You’d be forgiven for thinking this piece of gaslighting came from an online chat room rather than an exchange between Sleeping Beauty and her prince charming in Disney’s classic film. Re-viewed with a contemporary mind, the conversation takes on a darker meaning, evoking our understanding of memory and the gap between the real and the illusionary. Cypriot artist Marina Xenofontos’s haunting show explores these themes, examining our relationship with the digital realm and technology, exposing how it both fails and traps us, dragging us into its lies and fantasies. For as Sleeping Beauty sings a few lines before, “visions are seldom as they seem…”

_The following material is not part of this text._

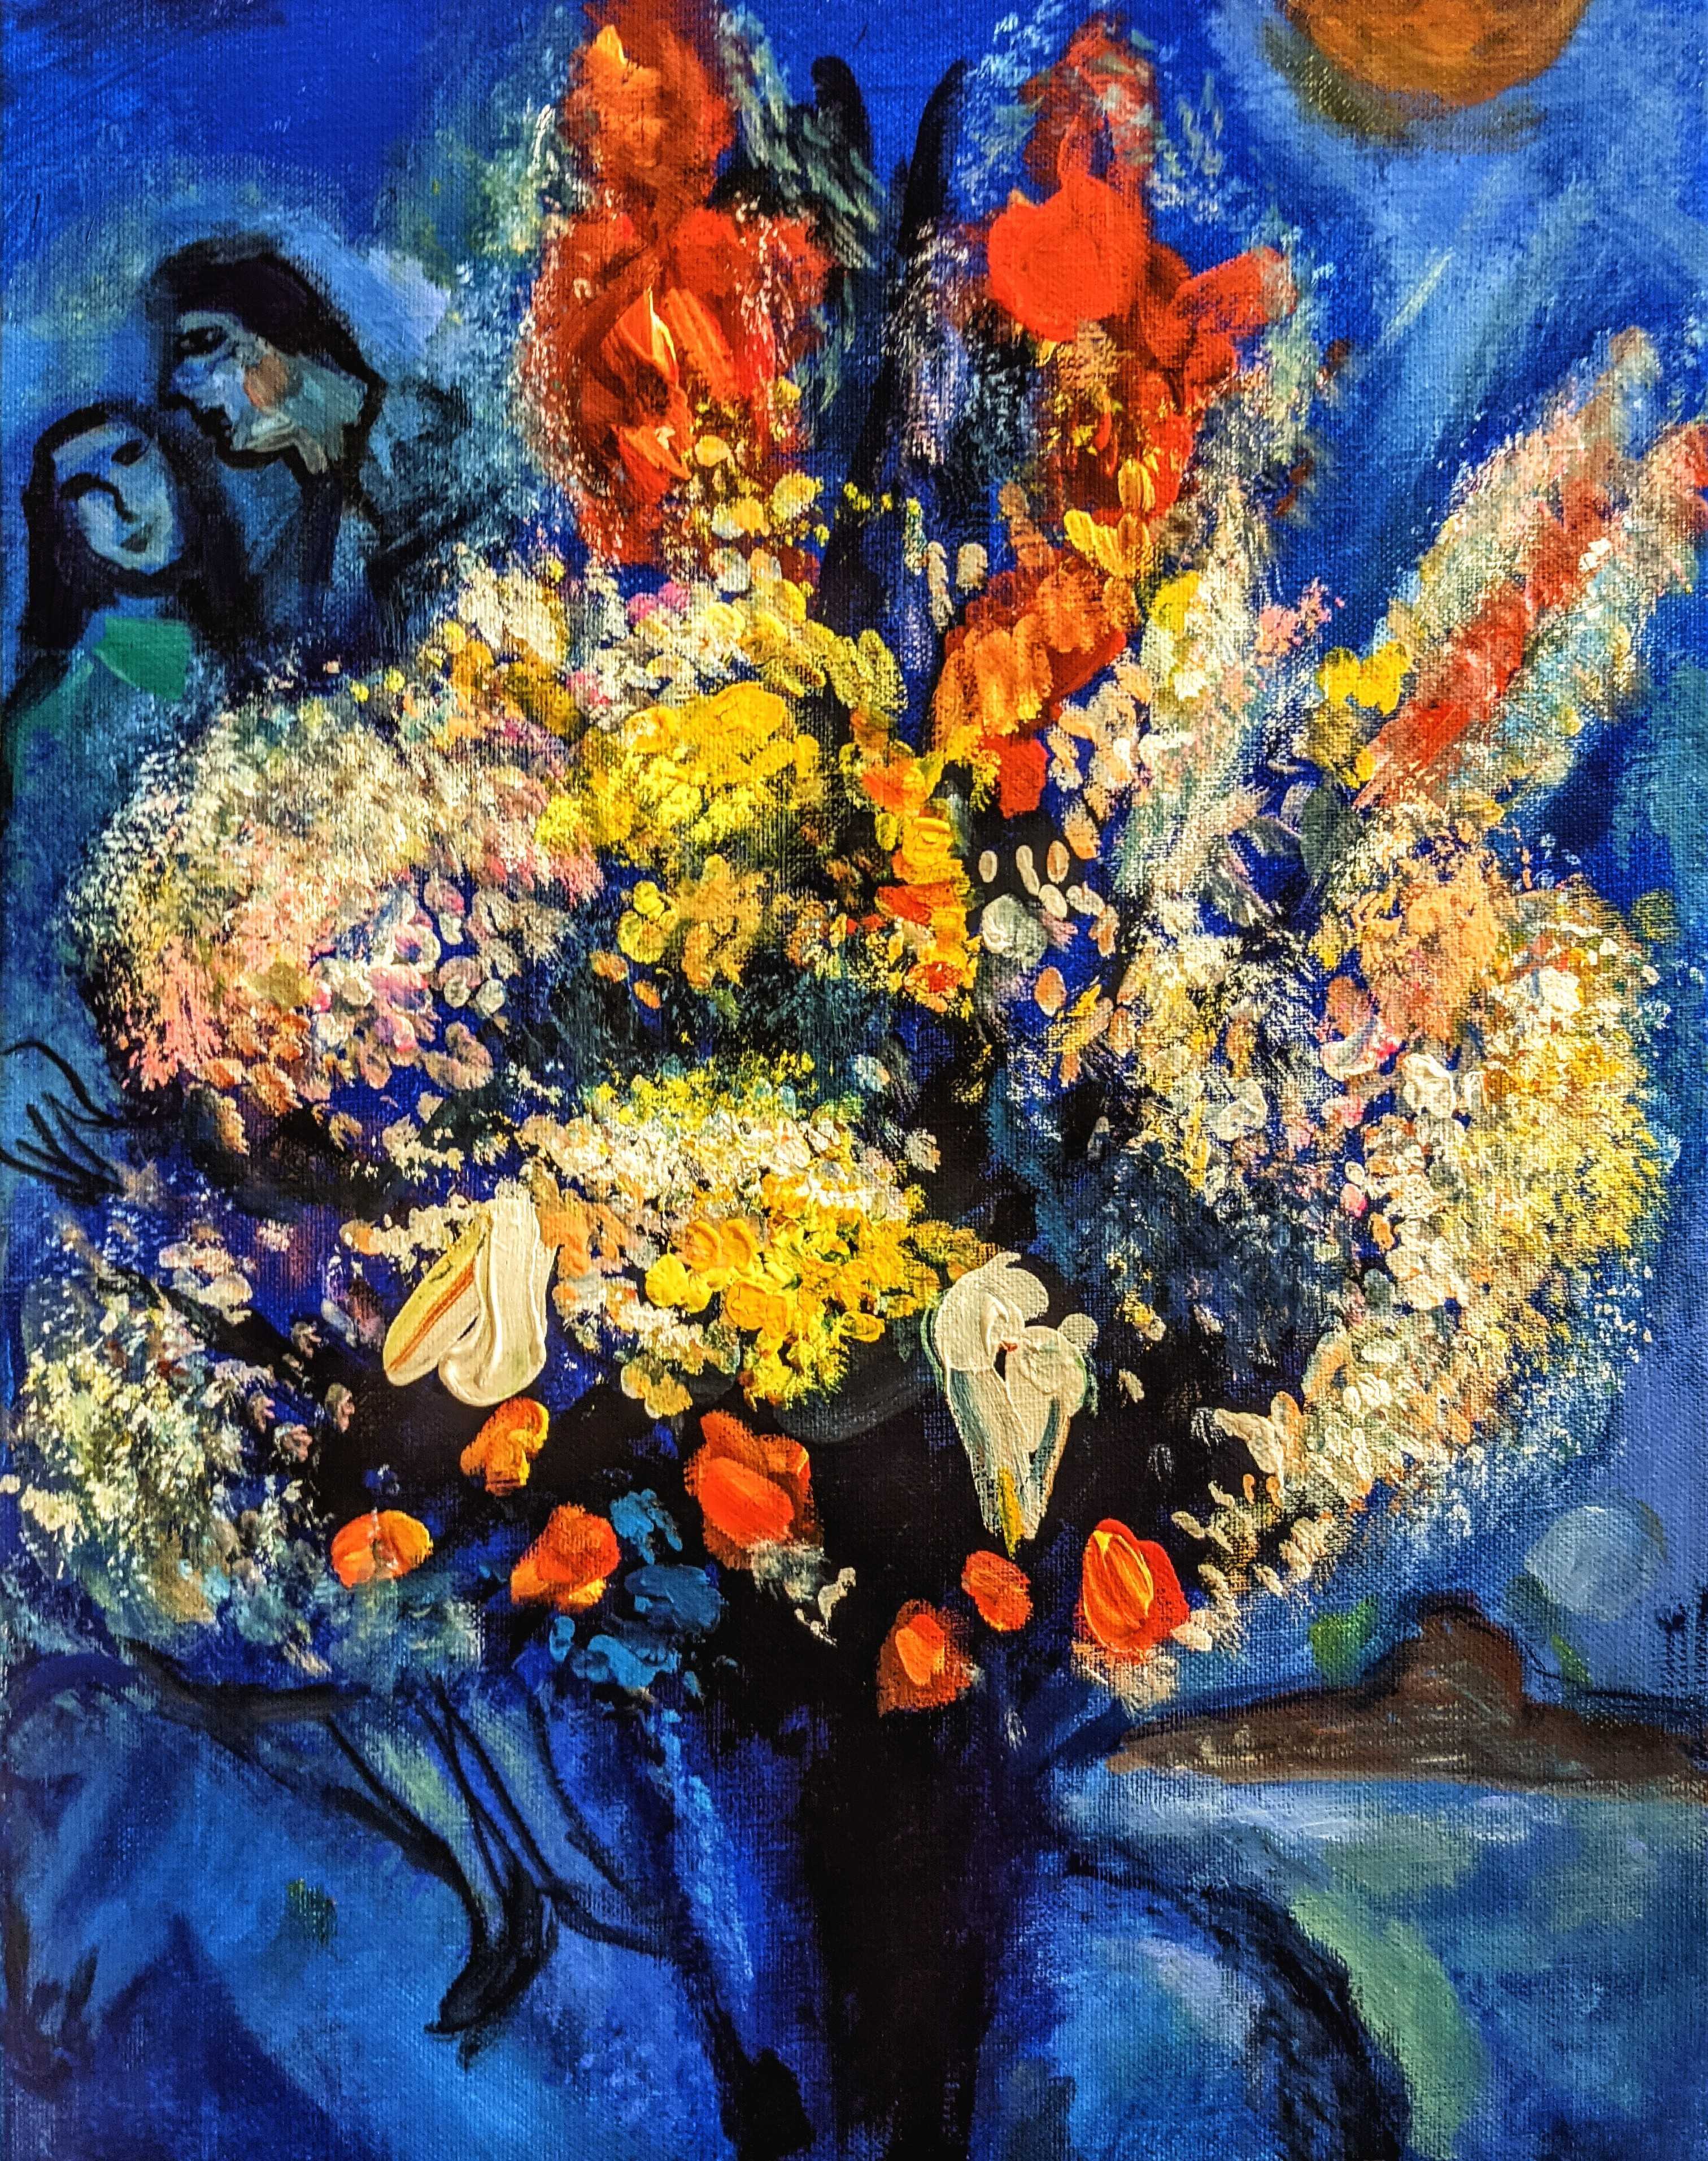 06月22日 (土) 13:00-16:00 | 上野/根津 | マルク・シャガール | 天に捧げる花束 (Bouquet Offered to the Sky by Marc Chagall at Ueno/Nezu)

At the centre of the show is the sculpture Twice Upon a While (2020), the figure of an oversized young girl carved out of wood and sat at a large desk with a mirrored surface. Stuck looking at her own reflection and unable to look away, Xenofontos recalls the pose of Caravaggio’s baroque masterpiece Narcissus (ca. 1597-99), creating a modern re-telling of the Classical myth. Here the girl becomes trapped not simply by her own beauty, but by her representation — how she appears reflected to others.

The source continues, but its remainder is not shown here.